Back in 2019, I wrote a post called Can We Force Inspiration? I was preparing for NaNoWriMo and I was empty. I wondered if pictures, stories or anything would help. Was it possible to actually force inspiration?
Writers are clever and creative. Why wouldn’t it be possible to study an image on Pinterest or look at some old photos and come up with a memorable character or plot? Inspiration should come fairly easy for us. We can be inspired by our favorite novel or poem, a phone call from an old friend, a comforting hug, even a dusty, dated manuscript we’ve pulled out of the desk. Yet, I remember in 2019 when I struggled for a character, a plot, a setting, anything to write about. And I remember that I did finish the competition with just over 50,000 words, but it’s a story and characters I felt nothing for and to this day I have no interest in revisiting them. I was uninspired and it showed.
So you’d think the answer to the question–can we force inspiration?–would be no. But let’s revisit this idea.
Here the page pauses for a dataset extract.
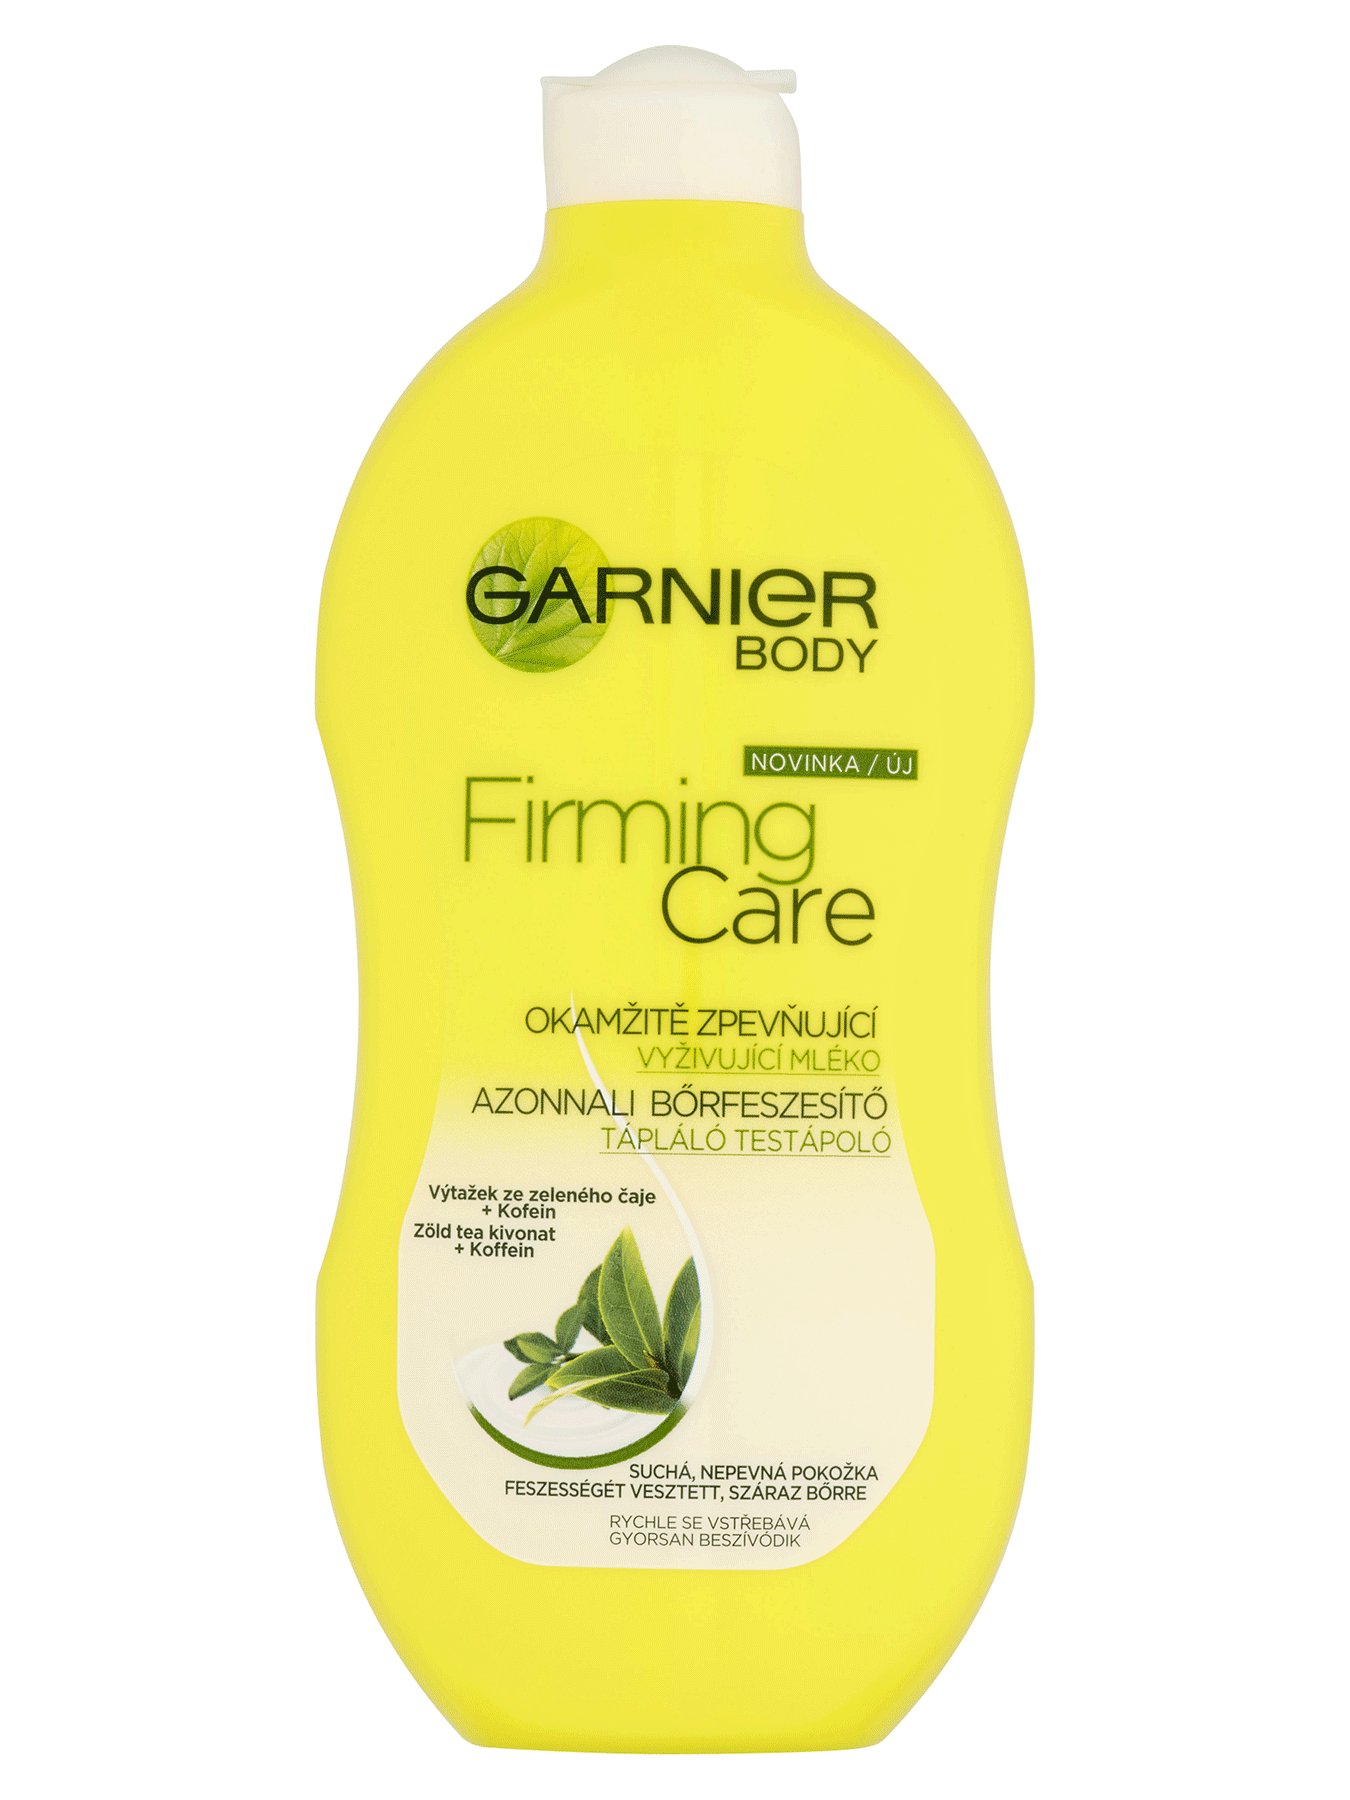 Garnier Body Firming Care azonnali bőrfeszesítő, tápláló testápoló, 400 ml

There are many types of writers. I don’t have to tell you that there are slow and fast writers. There are plotters and pantsers. There are fiction writers, nonfiction writers, poets and memoir writers. But I believe that all writers, the ones who truly have a passion to write, have inspiration with them and in them all the time.
Think about it. If you’re a writer, if you consider yourself unable to live life without writing, don’t you always write? Journals, stories, poems, jokes, blog posts, letters and more. You write. Yes, you think about writing, you plan, you listen to music and read books, but you still write. You’re always writing. And that means you always have something to say.
My problem in 2019 wasn’t lack of inspiration or motivation. I believe I was tired of writing fiction because a year later, I was stoked about memoir writing. But I had always written a fiction draft for NaNoWriMo because that’s the idea. It is novel writing month. But the next year, I wrote well over 50,000 words and loved it because I wrote memoir pieces. Those pieces inspired me to write the first draft of my memoir and I’ve been happy since.
You may believe in a lack of inspiration or writer’s block. You may believe you need a muse of some kind to get your words out. I think many things contribute to a writer’s success when they finish a first draft, but ultimately it’s woven into the writer’s soul. I chuckle when I hear people say they want to be a writer someday. That’s nonsense. You can be a writer today if it’s in you. And you’ll know when it’s you, because you will write. And you won’t need excuses like lack of a muse or feeling uninspired. If I managed to write the first draft of a novel when I felt “uninspired” then anyone can. The key is to discover what you’re passionate about writing and nothing can or will stop you.
So, how’s your writing going?
Are you passionate about it or are you trying to force it?
I love this because I am not always inspired out of the blue. In fact, I’m extremely distracted a lot of the time. I have to dig deep for inspiration BUT I can ALWAYS find it. This week, it has come from a magazine about how to decoupage, a conversation with AI, the planetary alignments….I did not write about these things, but they made my creative wheels start turning. I always know how to get them going when I want to write and I’m stuck. It’s never that I don’t have something to say…it’s that I have to dig deep to find the complexity of the thoughts so that when I write it, it is 100% honest. I feel like, to answer your question, I am both. I am always passionate about writing. I love it more than anything. But, I will look for inspiration if I feel like I want to write but not sure where to start or what I want to say…it just gets the fire going!
Hi Maggie, thank you for reading and commenting. I know you have a passion for writing–it shows in your incredible poetry. I love how you get your creativity flowing. Lately, I’ve had a difficult time writing. The words just aren’t there. Maybe I’m also not sure how to say everything that I want and need to. I love your ways to get the inspiration going. I’ve always enjoyed reading and writing poetry and found that helped me with longer projects. Time to go back to my first writing love–poetry.
Again, thank you for writing and I’ll be looking forward to your next poems.